Intervention de Mona Zegaï

Délégation aux droits des femmes et à l'égalité des chances entre les hommes et les femmes — Réunion du 20 novembre 2014 : 1ère réunion
Stéréotypes masculins et féminins dans les jeux et les jouets — Audition de Mme Mona Zegaï doctorante en sociologie au centre de recherches sociologiques et politiques de paris - cultures et sociétés urbaines cresppa-csu à l'université paris viii vincennes-saint-denis et Mme Astrid Leray fondatrice du cabinet trezego

Mona Zegaï :

Dans la famille, 80 % des tâches domestiques sont accomplies par les femmes, comme je le disais. L'organisation du travail domestique au foyer est un observatoire de l'inégalité des genres pour l'enfant. Lors d'un entretien avec deux enfants hors de la présence de leurs parents, je leur ai montré des catalogues de jouets.
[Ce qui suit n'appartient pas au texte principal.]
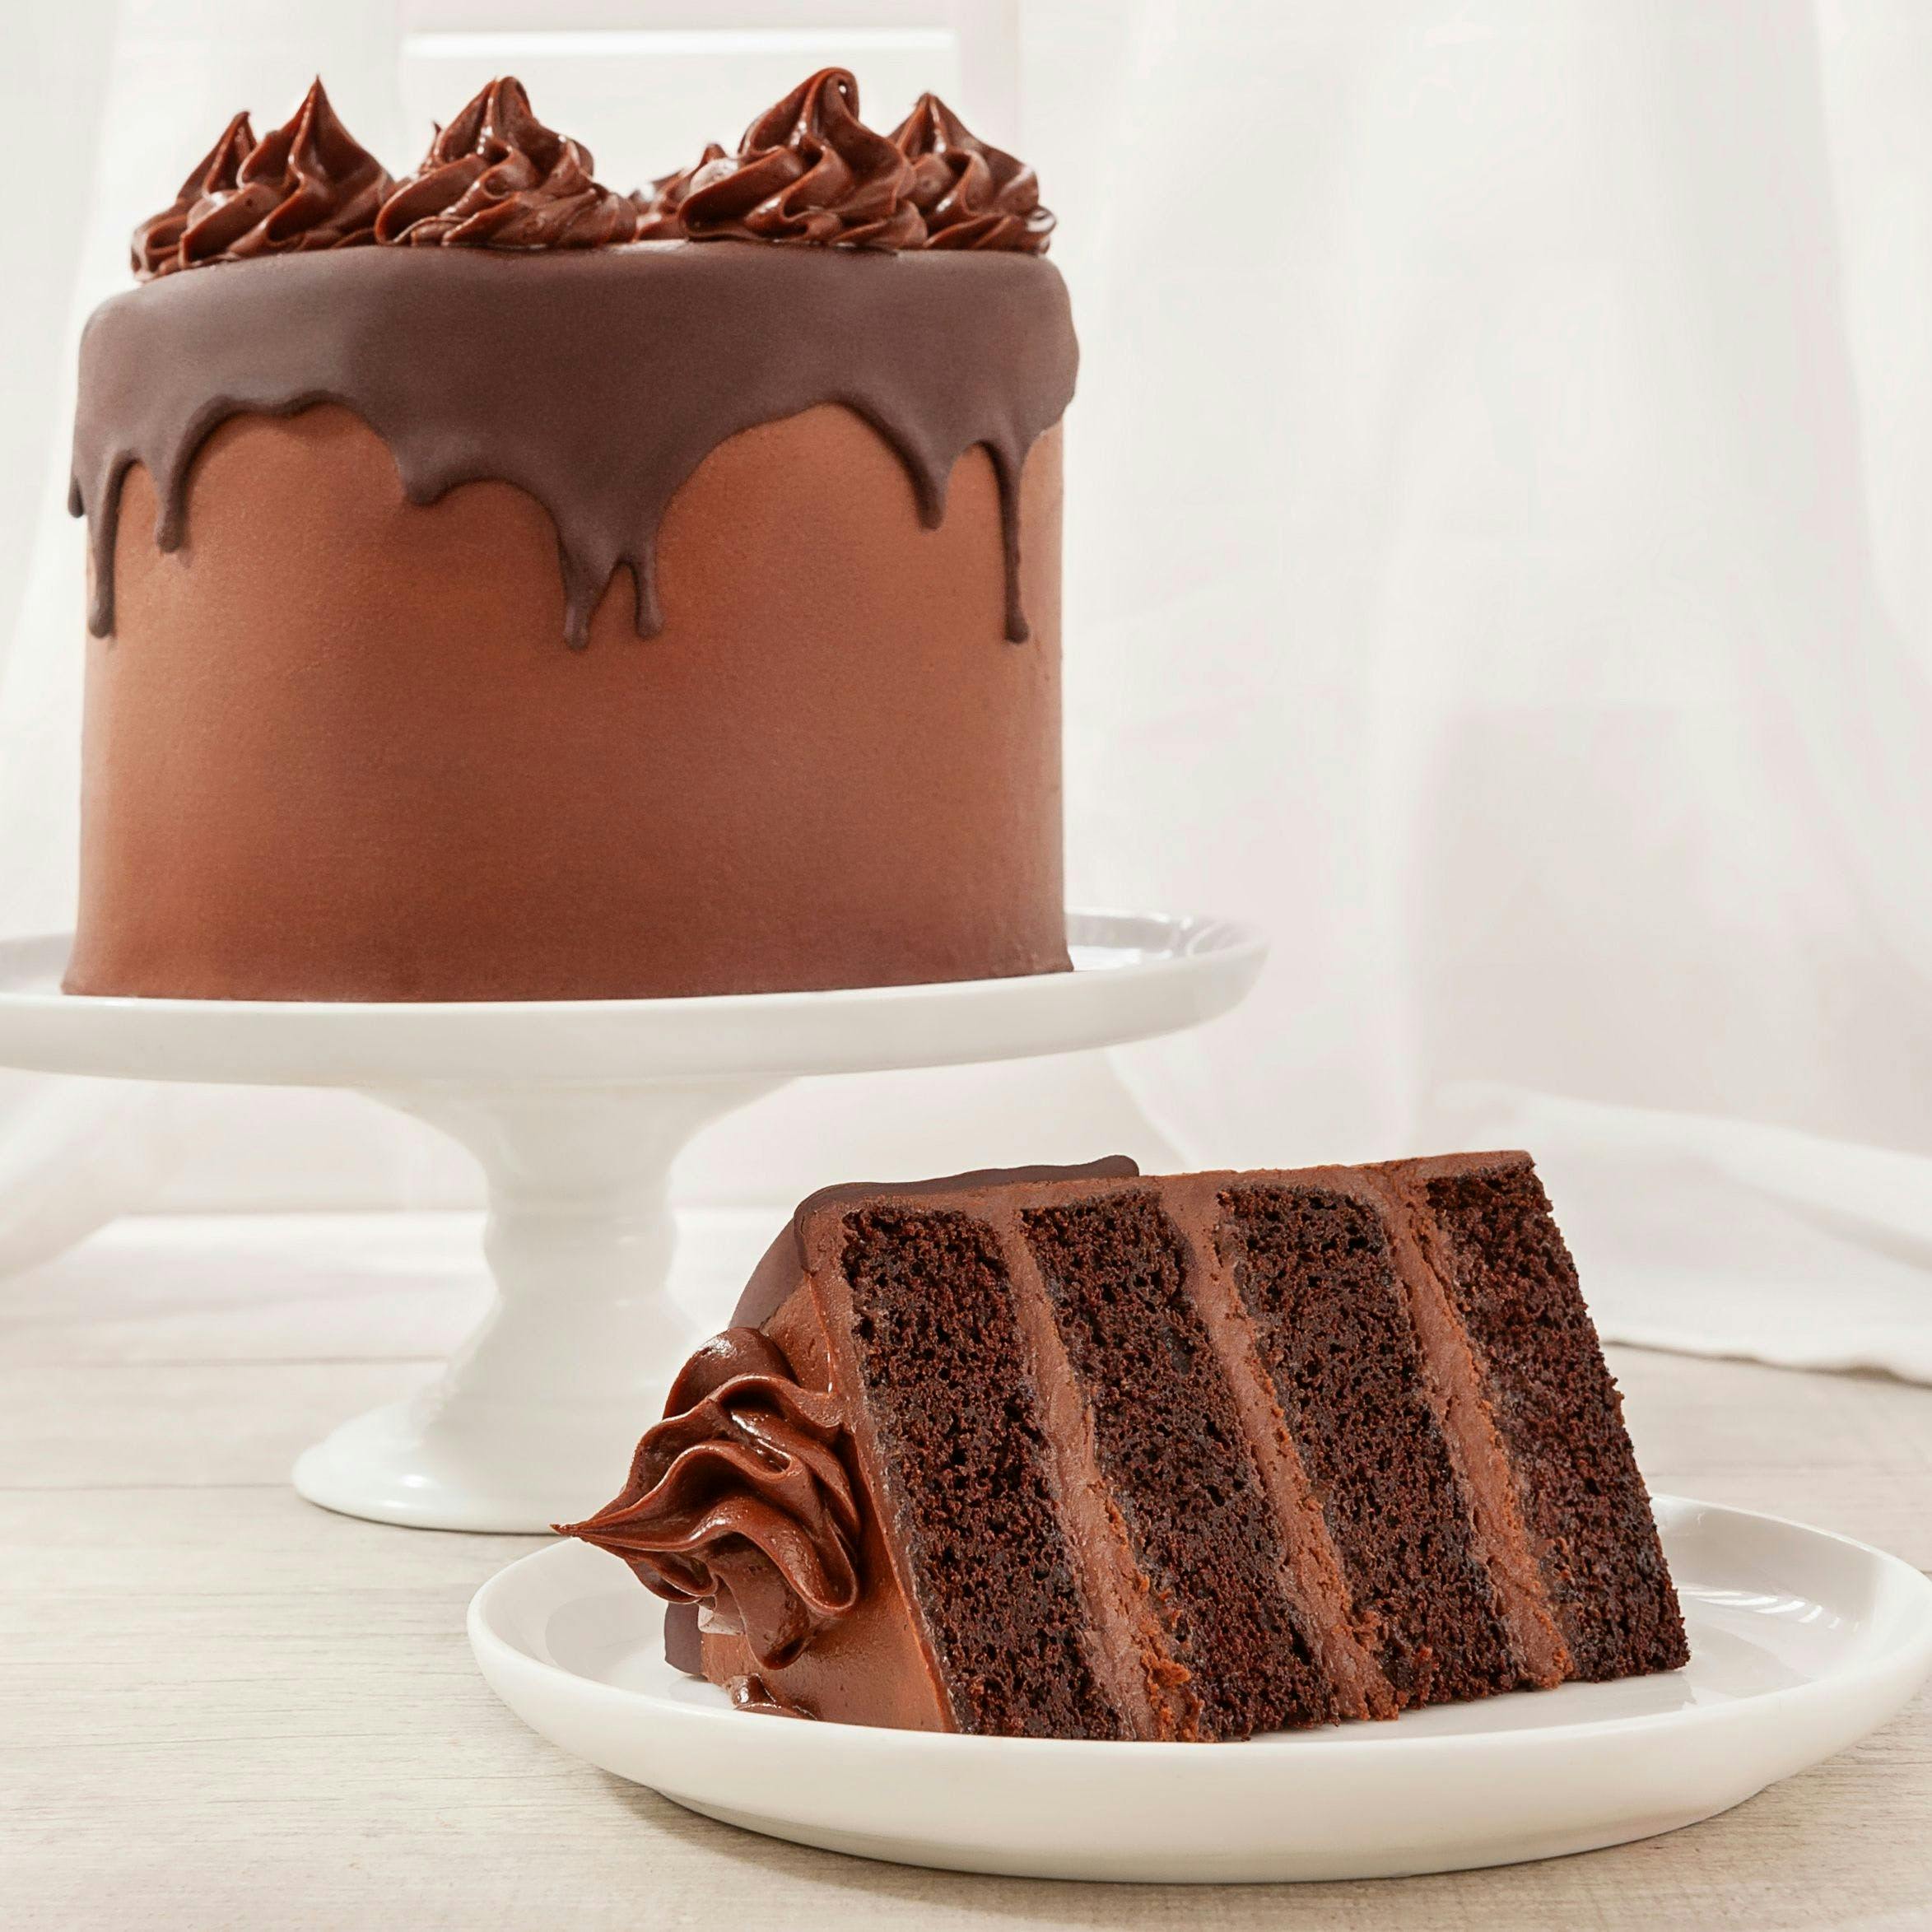 Cake Delivery in Singapore | Pastry & Desserts Awfully Chocolate Delivery

Les garçons n'ont pas aimé les jouets ménagers, disant qu'ils étaient réservés aux filles, non pas parce que les jouets et les pages étaient roses, mais parce qu'ils ont constaté que leur mère passait l'aspirateur ou faisait la vaisselle, et que leur grand-mère faisait des travaux de couture. Les enfants assignent ainsi un genre aux jouets lorsque ceux-ci imitent la réalité sociale qu'ils observent. Les parents peuvent donc contribuer involontairement à développer des stéréotypes chez leurs enfants. Si leur mère fait la cuisine, les enfants intègrent que la cuisine relève des femmes.

Au cours d'une autre expérience, j'ai proposé des jouets à des enfants, à répartir sur trois tables : garçons, filles et mixtes. Parmi une quinzaine de groupes de quinze collégiens, la plupart ont placé la cuisine rouge, grise et noire sur la table des jouets mixtes. Ils ont justifié cette décision par le fait que le père faisait aussi à manger le week-end ; même si la confection du repas n'est pas quotidienne, ils ont observé que la cuisine n'était pas que pour les femmes. En outre, ils ont cité les émissions de téléréalité qui montrent des hommes et des femmes qui cuisinent. Ces émissions ont une influence sur les enfants.
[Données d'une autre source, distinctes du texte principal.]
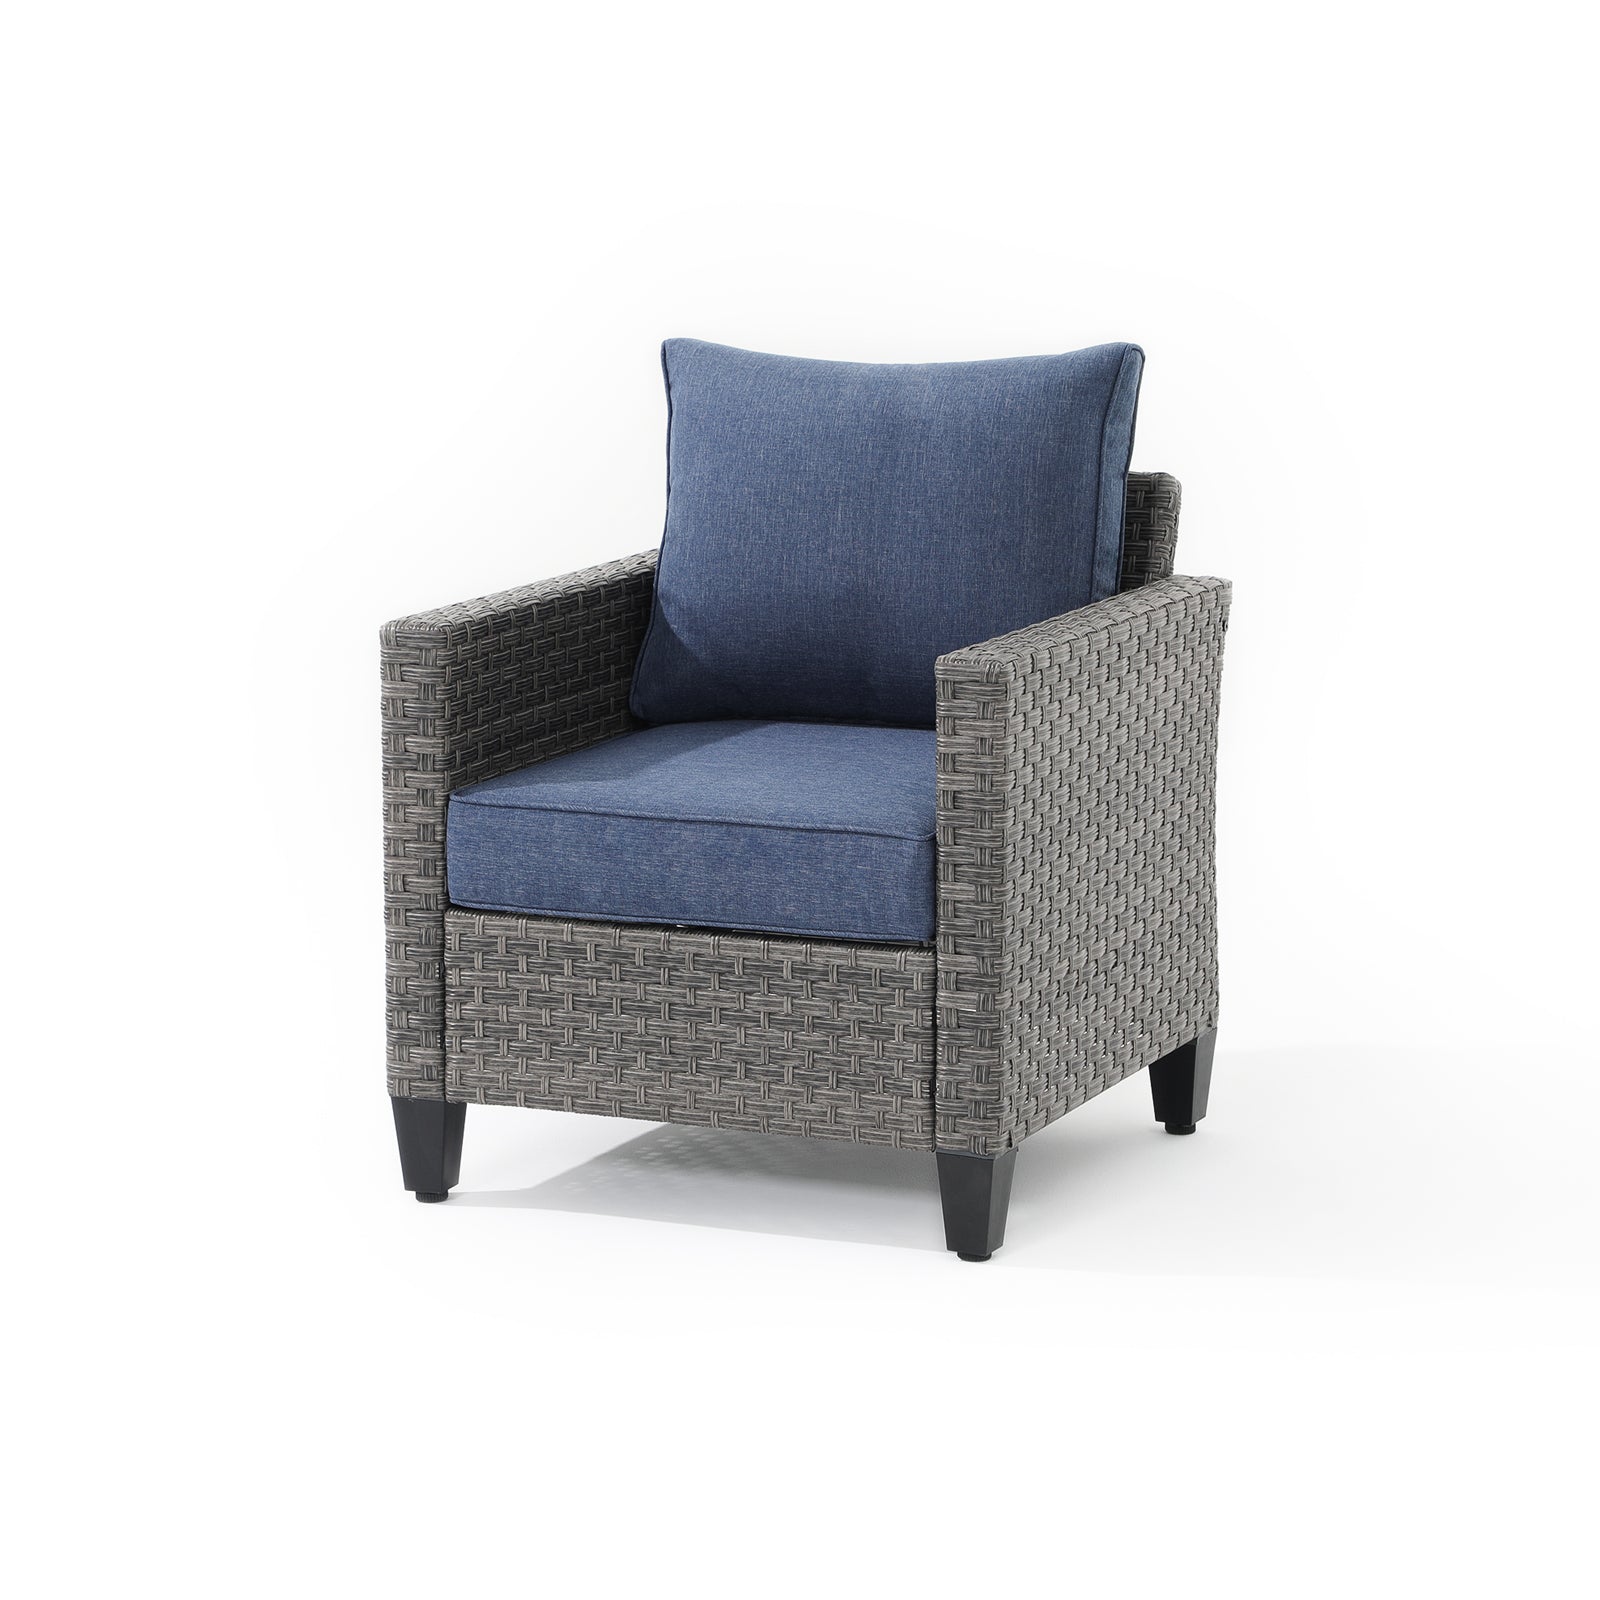 Ayia lounge chair with rattan design, navy blue cushions, left angle - Jardina Furniture #color_Navy blue

Les parents peuvent également « corriger » certains aspects, notamment des parents très diplômés avec un fort capital culturel. La fille de huit ans d'une femme très diplômée, chercheuse en sciences de l'éducation et spécialisée dans les questions de genre, n'avait aucun goût pour le rose et les poupées, mais aimait les dragons. Il s'est avéré que ses parents étaient adeptes des jeux de rôles ; la petite fille savait qu'elle aurait des sujets de conversation avec ses parents en s'intéressant aux dragons. Le père voulait lui interdire les poupées Barbie pour des raisons de sexualisation, mais la mère a jugé que l'interdit pourrait, au contraire, exercer un effet attractif sur elle. Ils ont donc suscité un rejet de ces poupées en les qualifiant par exemple de « cruches », ce que la petite fille a repris dans son discours en s'appropriant ces goûts transmis par les parents. Les parents ont donc un rôle non négligeable sur l'ouverture du champ des possibles de leurs enfants.
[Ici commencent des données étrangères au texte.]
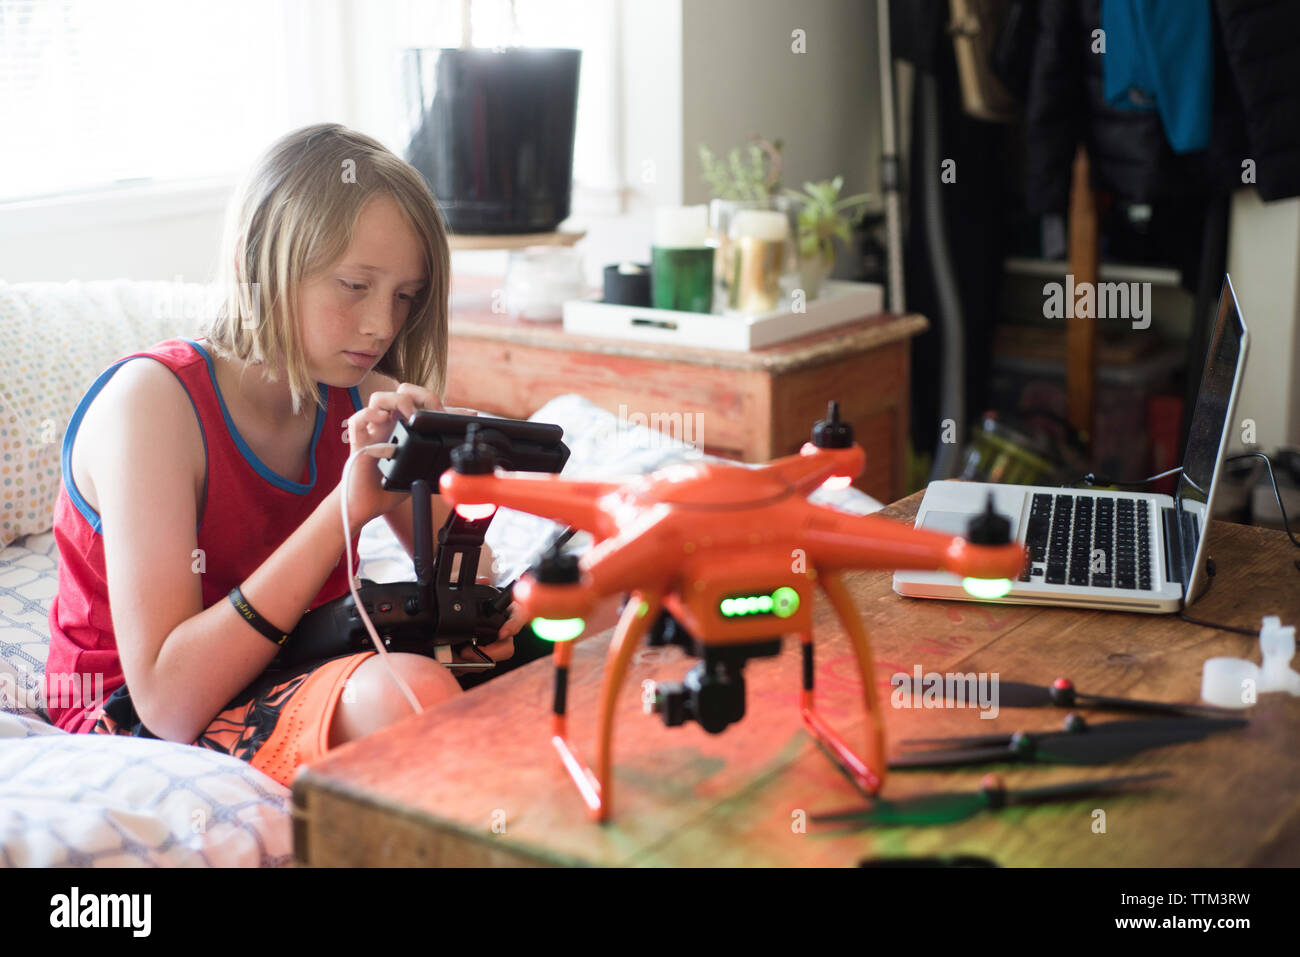 Boy examining remote control of drone at home Stock Photo

L'étude d'une sociologue sur les mangas montre que la lecture de mangas n'est pas interdite par les parents des classes favorisées, mais qu'ils recommandent également d'autres lectures par ailleurs. Ces parents ont des stratégies pour ouvrir le champ des possibles de leurs enfants, notamment au moment de Noël.

Les parents sélectionnent par exemple dans la liste de Noël les jouets qui correspondent à leurs valeurs. Les autres membres de la famille, notamment les grands-parents, jouent également un rôle. Les parents leur demanderont d'acheter des vêtements plutôt que des jouets, ou répartiront les jouets entre les membres de la famille, pour éviter des achats de jouets qui ne leur plaisent pas. En revanche, les parents des catégories sociales moins favorisées veulent surtout faire plaisir à leur enfant. L'objectif est qu'il ne manque de rien.

Les enfants développent parfois aussi des stratégies : ils s'adressent aux grands-parents pour obtenir des jouets que les parents leur refusent, par exemple un jouet en forme d'arme ou un déguisement de « Monster High ». Bien que les grands-parents soient choqués par ces jouets, qu'ils peuvent juger violents ou vulgaires, ils les achètent pour faire plaisir à leurs petits-enfants.